Set down the whole listing below exactly. The pictures stay out.

> INFORMATION SUPPLIED:
--- START ---

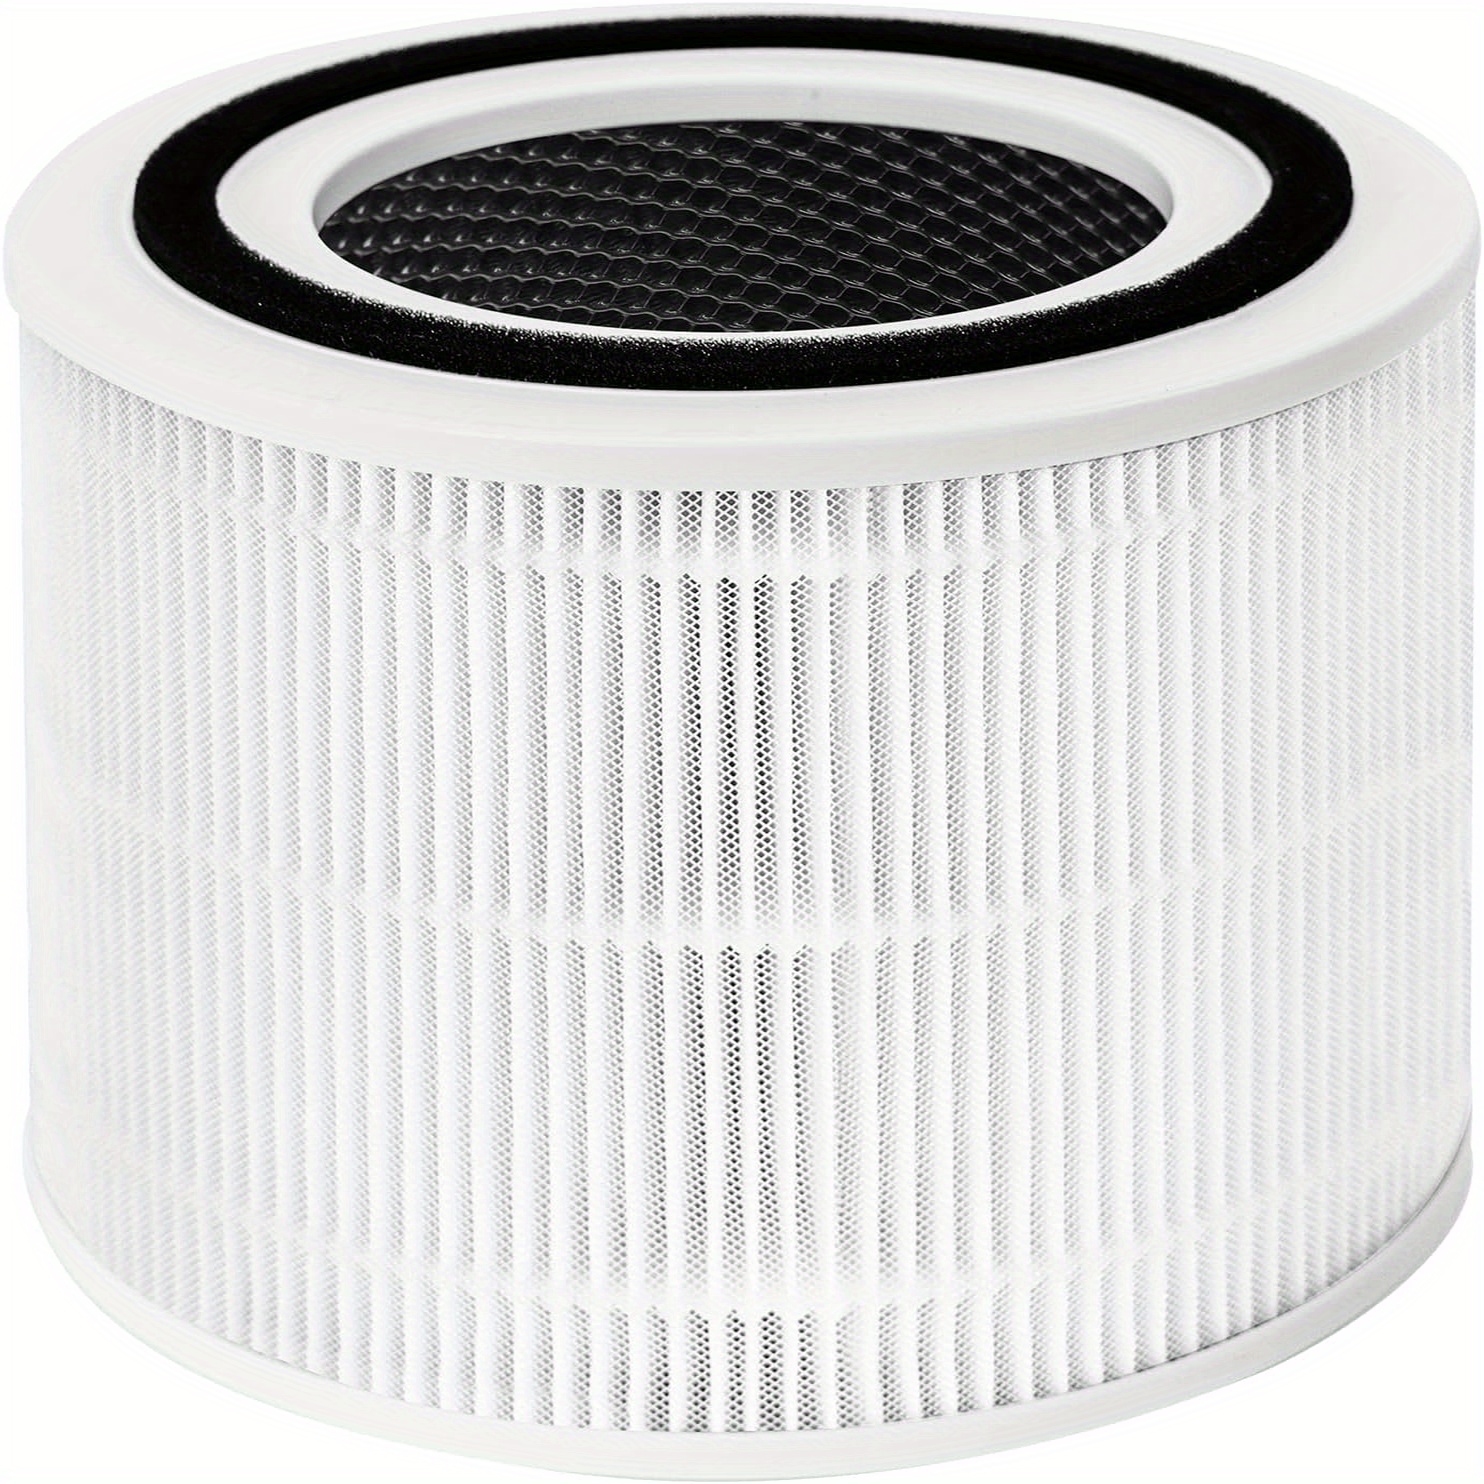  LEVOIT LV-H128 Air Purifier Replacement, 3-in-1 Pre
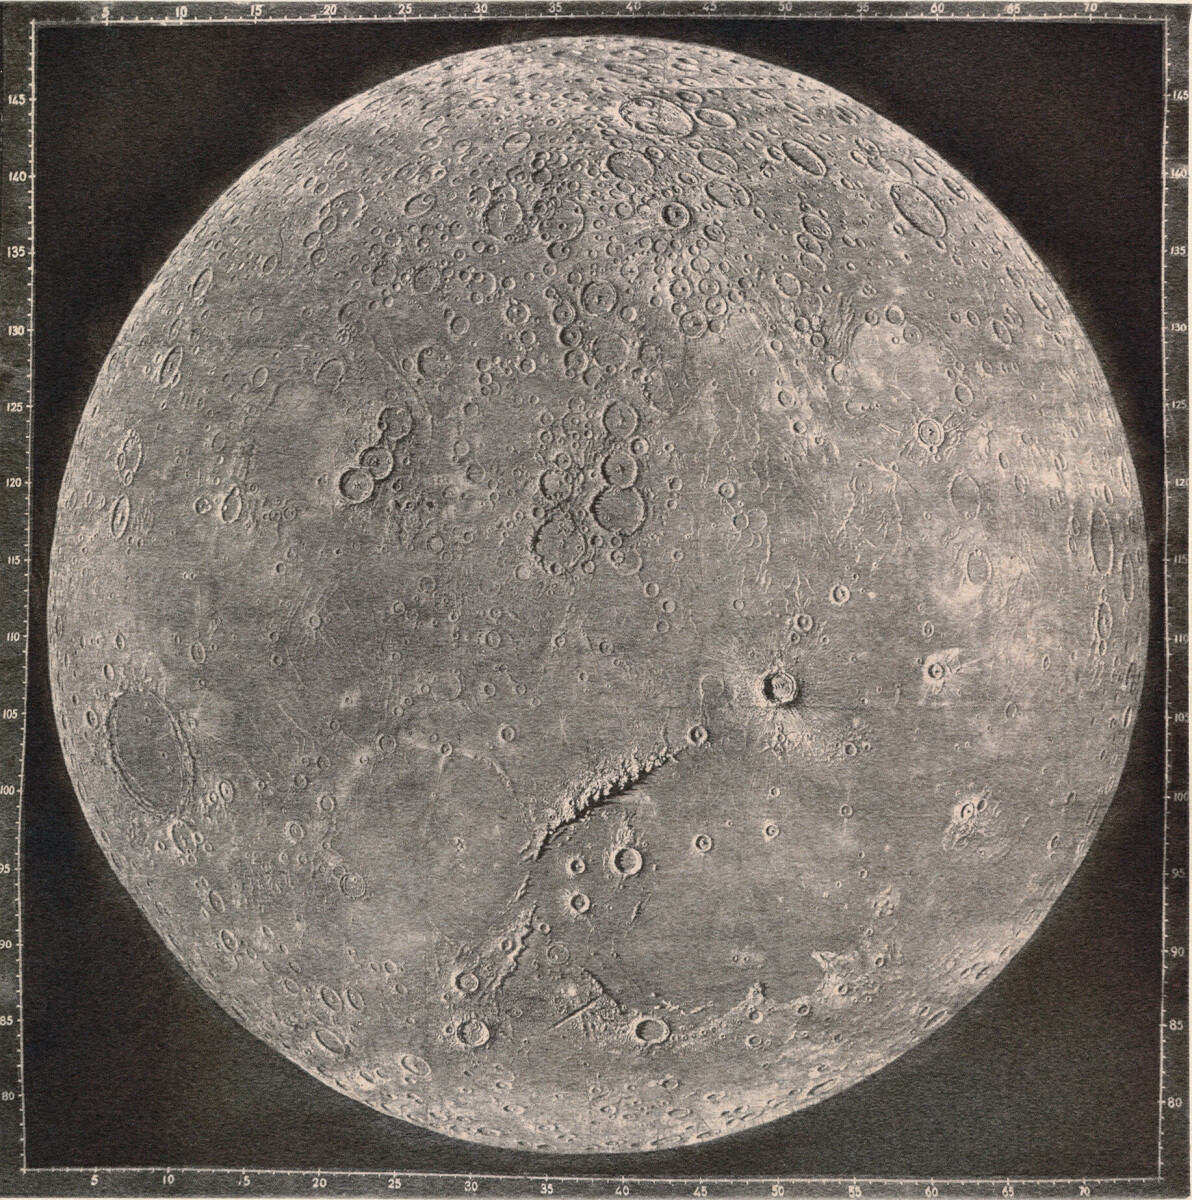 A map of the Moon
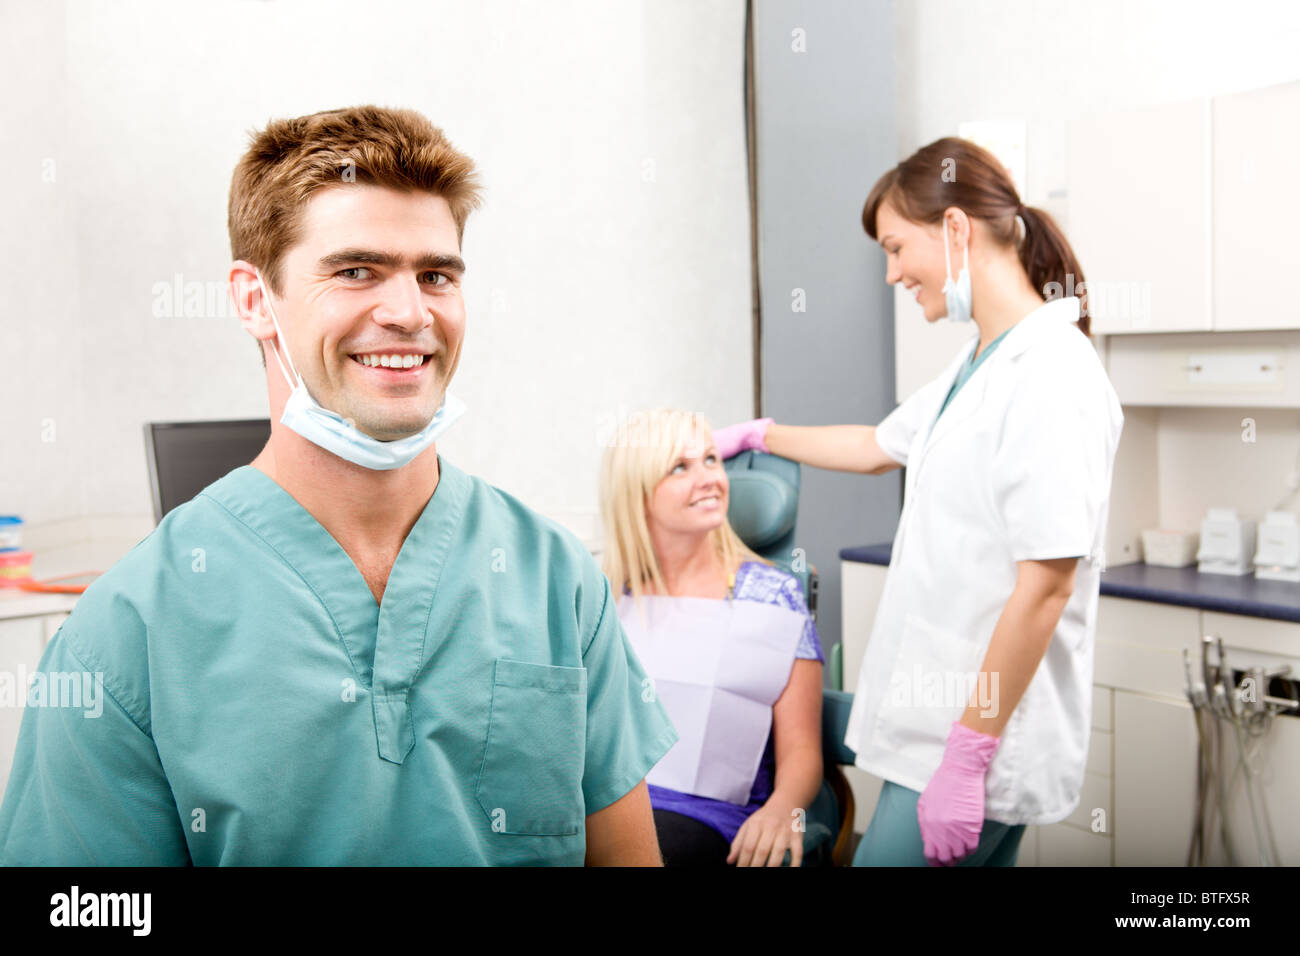 A happy smiling dentist at a clinic with an assistant and patient Stock Photo

--- END ---

> WRITTEN REPLY:
  LEVOIT LV-H128 Air Purifier Replacement, 3-in-1 Pre
 A map of the Moon
 A happy smiling dentist at a clinic with an assistant and patient Stock Photo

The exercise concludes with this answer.